Robinson et al. compared the SBT with in vitro TKA and CB in patients receiving multiple antimicrobial combinations for endocarditis, osteomyelitis or severe septicaemia. Compared to CB assay, SBT detected synergy in 3/10 tests while CB detected synergy in 2/10 tests. One antagonistic combination detected by SBT was determined as synergistic by CB, while two of the synergistic combinations by SBT were determined as antagonistic by CB. TKA detected more number of synergy than either SBT or CB (6/10 at 0.5 × MBC and 5/10 at 1 × MBC). There was no concordance among the three methods when strict definitions are used.
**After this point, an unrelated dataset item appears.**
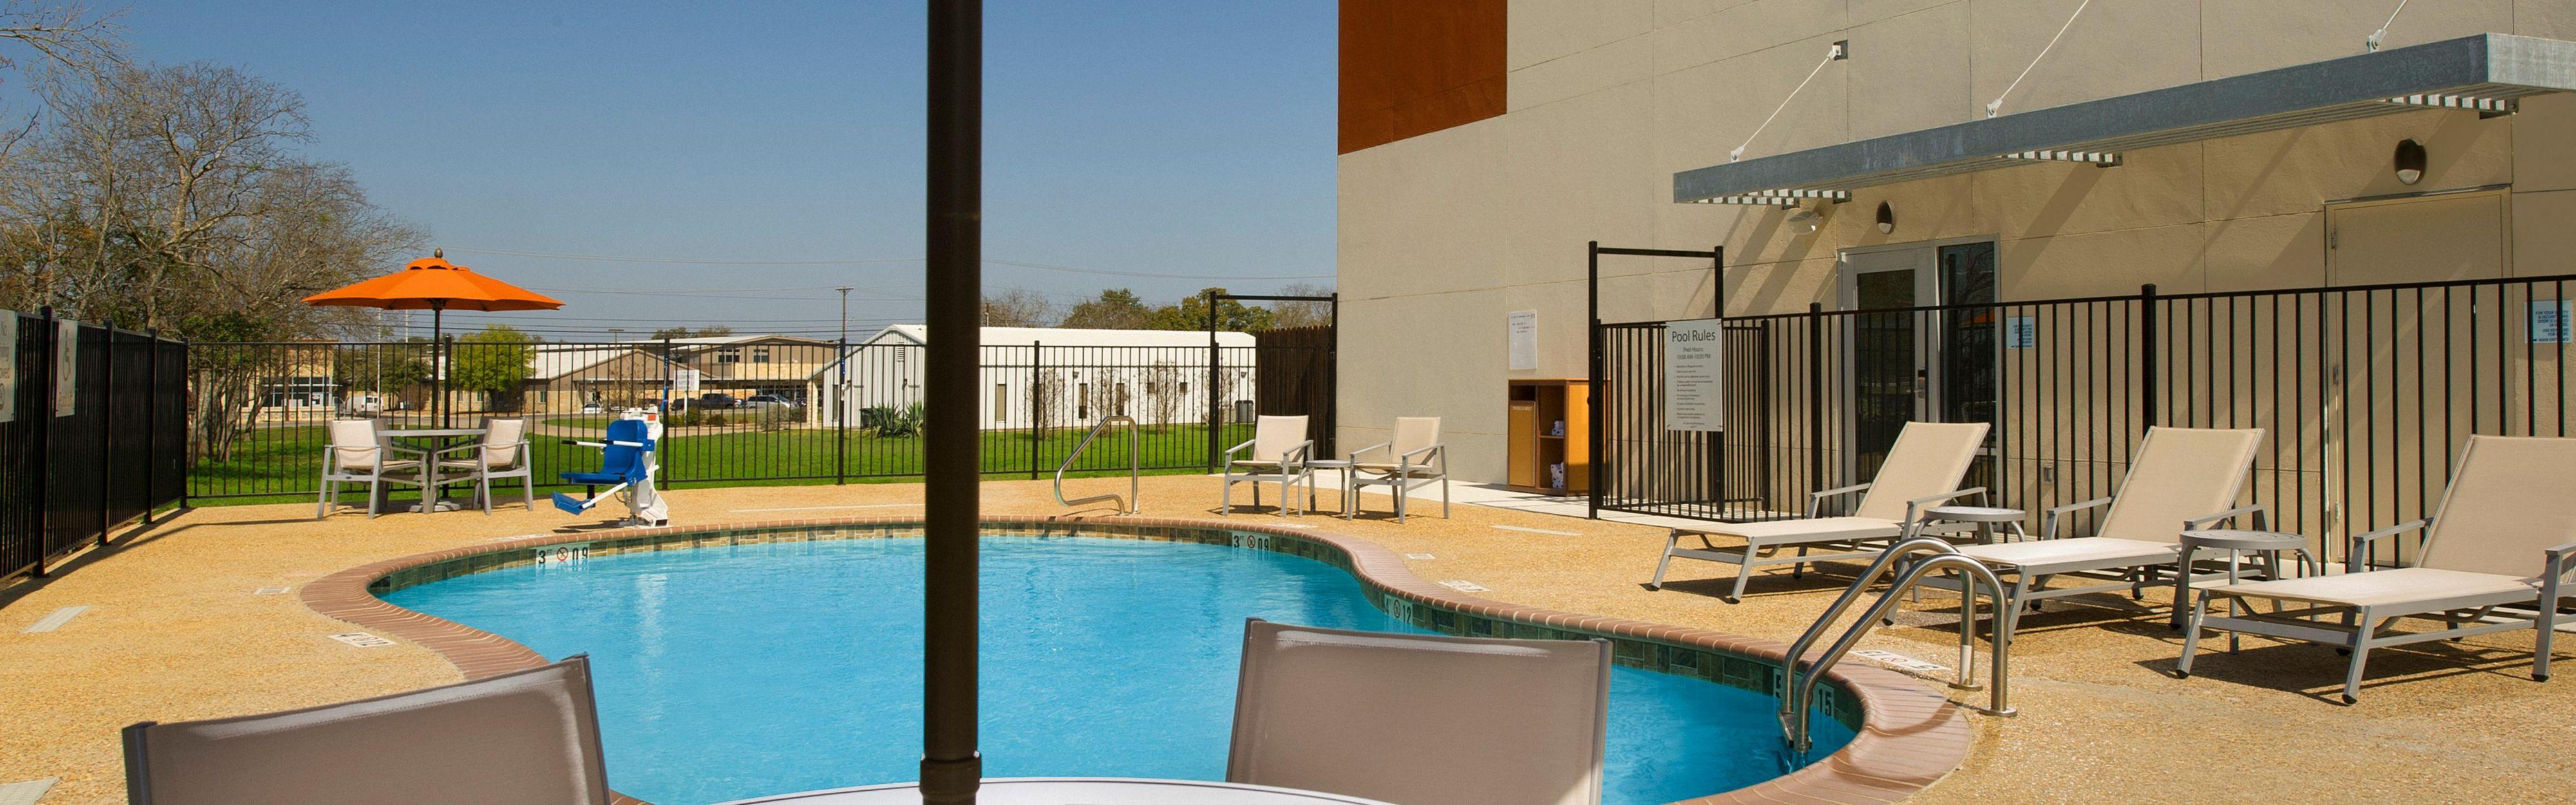 Holiday Inn Express Suites New Braunfels New Braunfels Texas Tx

However, for four additive combinations tested by SBT, results of synergy or indifference were achieved in the TKA and CB.
Technical difficulties encountered with SBT include difficulty in measuring the drug-f concentration and the need to compare SBT following removal of the antimicrobials from the sample to exclude bactericidal effect due to complement or other inhibitors in the sample.
In vivo models
In vivo studies are essential for the translation of in vitro combination testing data to clinical trials for implementation in the clinical setting. The in vitro methods does not consider the following factors: pharmacokinetics of the antimicrobials in combination, difference in the route of delivery, humoral and cellular immunity of the host, site of involvement, inoculum of the organism at the infected site, virulence factors of the organism and continuous changing concentration of the antimicrobials as single agent and relative to one another (changing ratio of drug concentration). Animal model studies may confirm or contradict in vitro findings based on the PD properties of the antimicrobial agents as well as the host immune response. In addition, in vivo models are necessary to determine the optimum dosing strategy.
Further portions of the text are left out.